There are more, and the right ones depend on your project. When “skill” becomes the default primitive, all of these get flattened into playbooks. You end up writing step-by-step instructions for things that would be better expressed as examples, or cramming domain knowledge into a suboptimal procedural format. Promoting one pattern to a special status downgrades the rest.

Keep it simple

So what do these knowledge patterns actually need? Progressive disclosure and plain Markdown.

Write your playbooks, ontologies, golden sets — whatever pattern fits — as documentation. Write an index that describes what each file does. Point your agent to the index at boot time via whatever config file it supports. It can even be nested, even cyclic.

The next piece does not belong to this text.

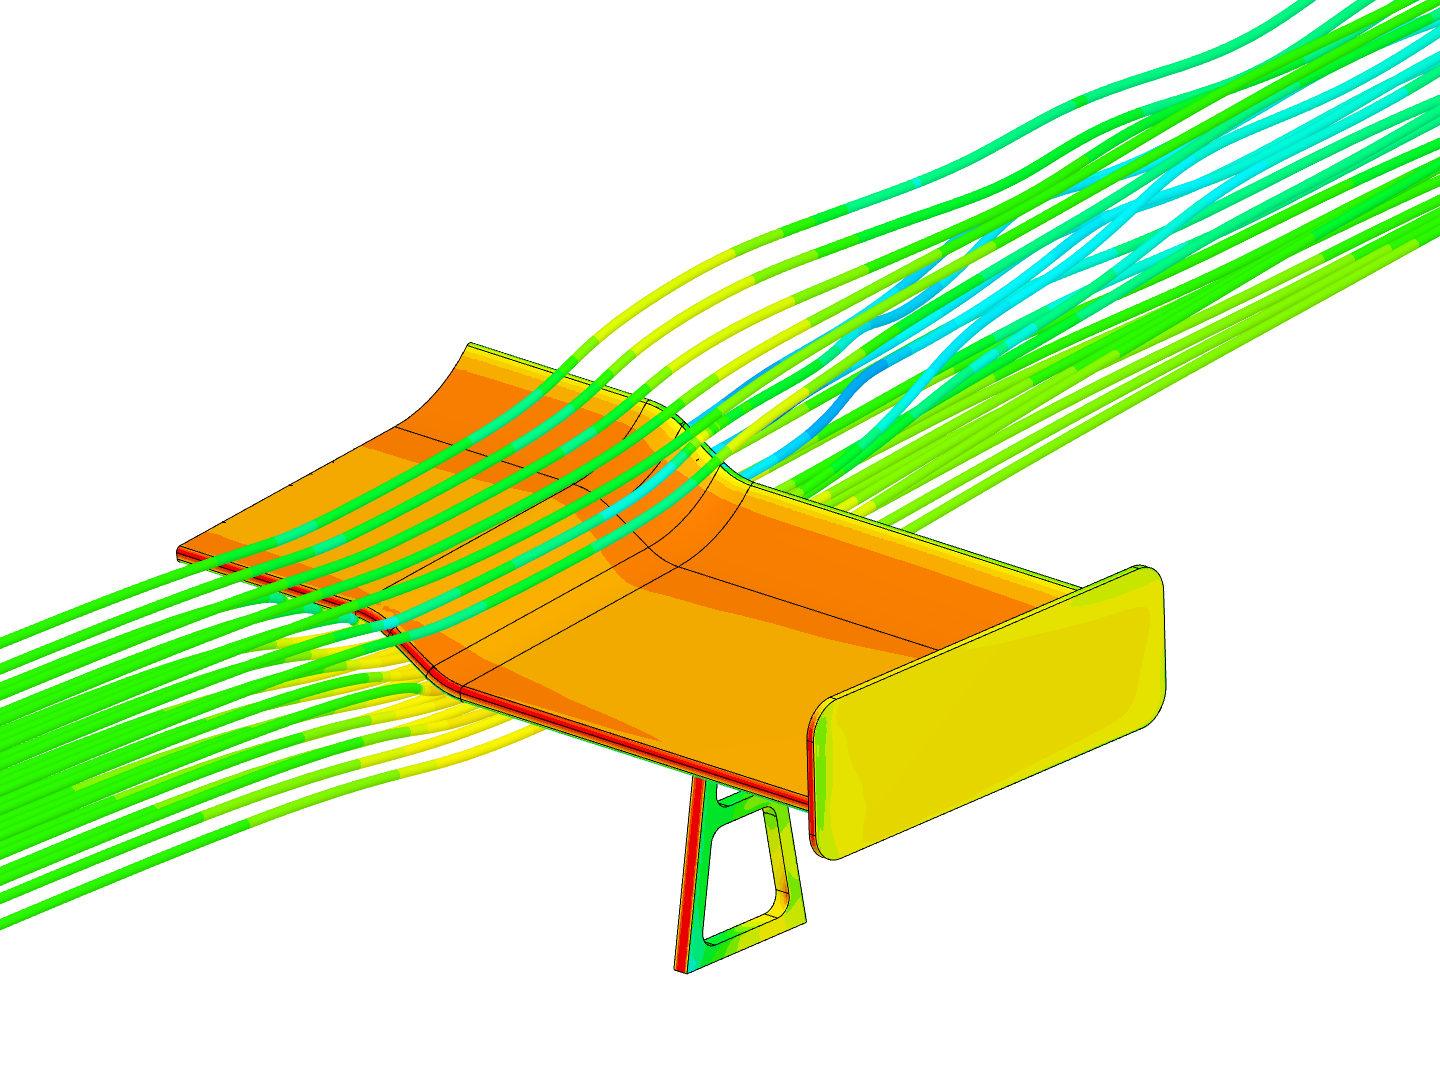 Coursera - Airflow around a GT Car Spoiler - Andrew's copy image
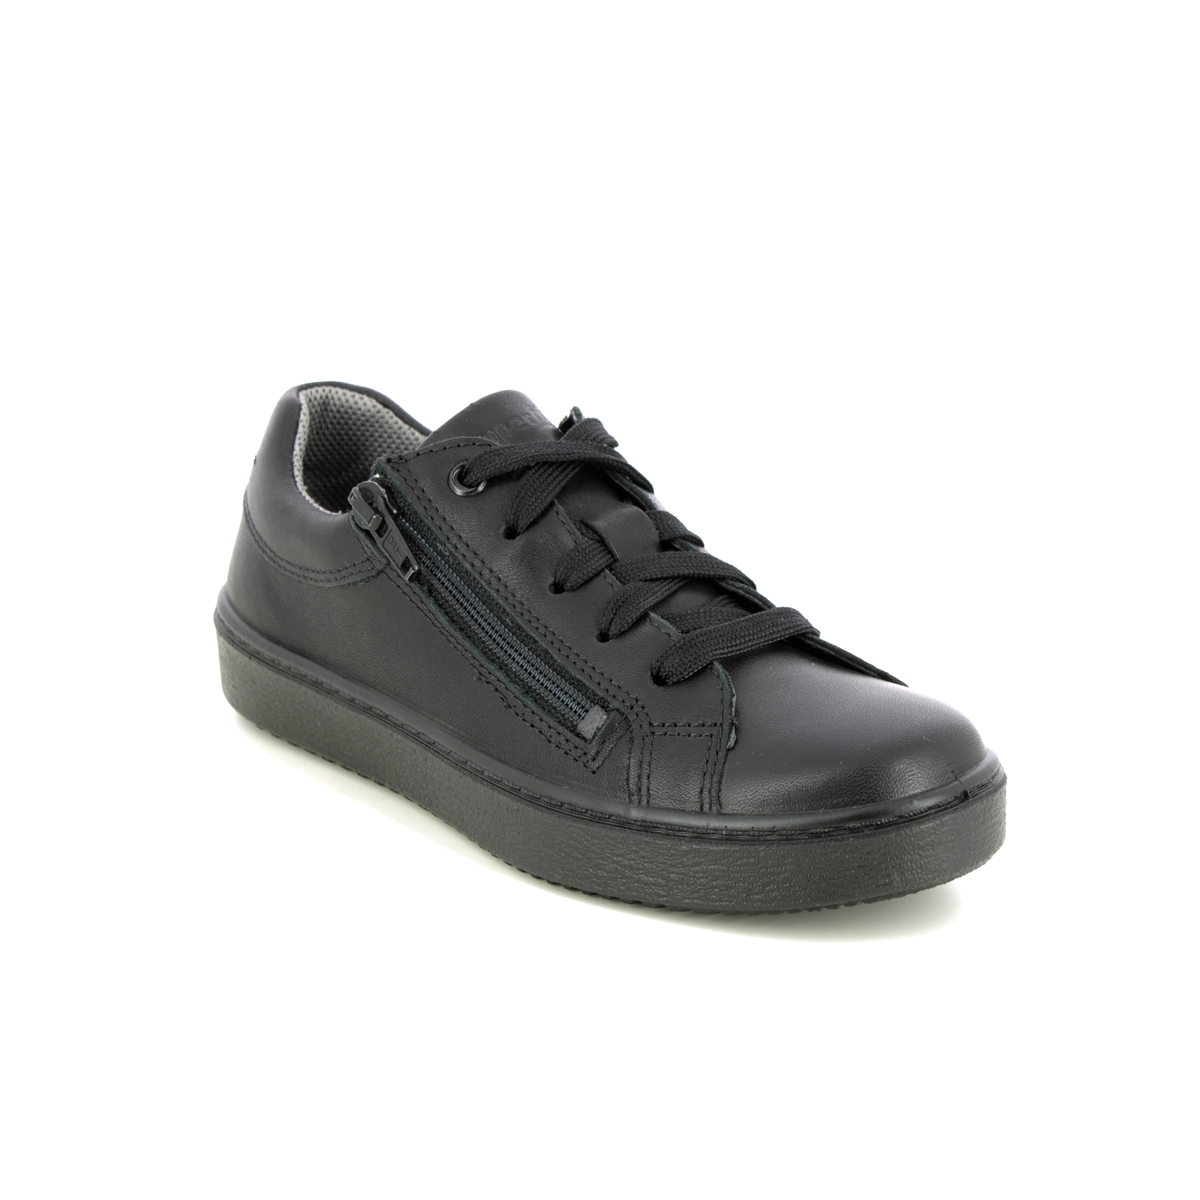 Superfit Heaven Zip Lace Black Leather Kids Girls Shoes 1006489-0000 In Size 34 In Plain Black Leather For kids

Your knowledge files work everywhere now. Claude, Codex, Copilot, or any other player. They can all read Markdown. No vendor lock-in.

And distribution gets simpler too. Since your knowledge is plain files, it travels through the same channels your code already uses. It can be either a shared Git repo referenced as a submodule across projects, an npm or pip package that bundles knowledge files alongside code, version-locked so they update together; or a shared folder in a monorepo. You can even serve them through MCP resources, which — despite their limitations — have one decisive advantage: they’re a standard, and they don’t require terminal access. Terminal access raises security considerations that matter in enterprise settings, and plenty of agents don’t support it.

What you lose

You do lose one thing: the /do-that-thing shortcut. Direct invocation by name, which is a real convenience.

However MCP prompts can give you the same thing. And if you still want skill files in a framework that supports them, write thin ones — three lines of config that point to the shared Markdown file. The skill becomes simple bookmark. The knowledge stays portable, and the substance lives in plain text where any agent can reach it.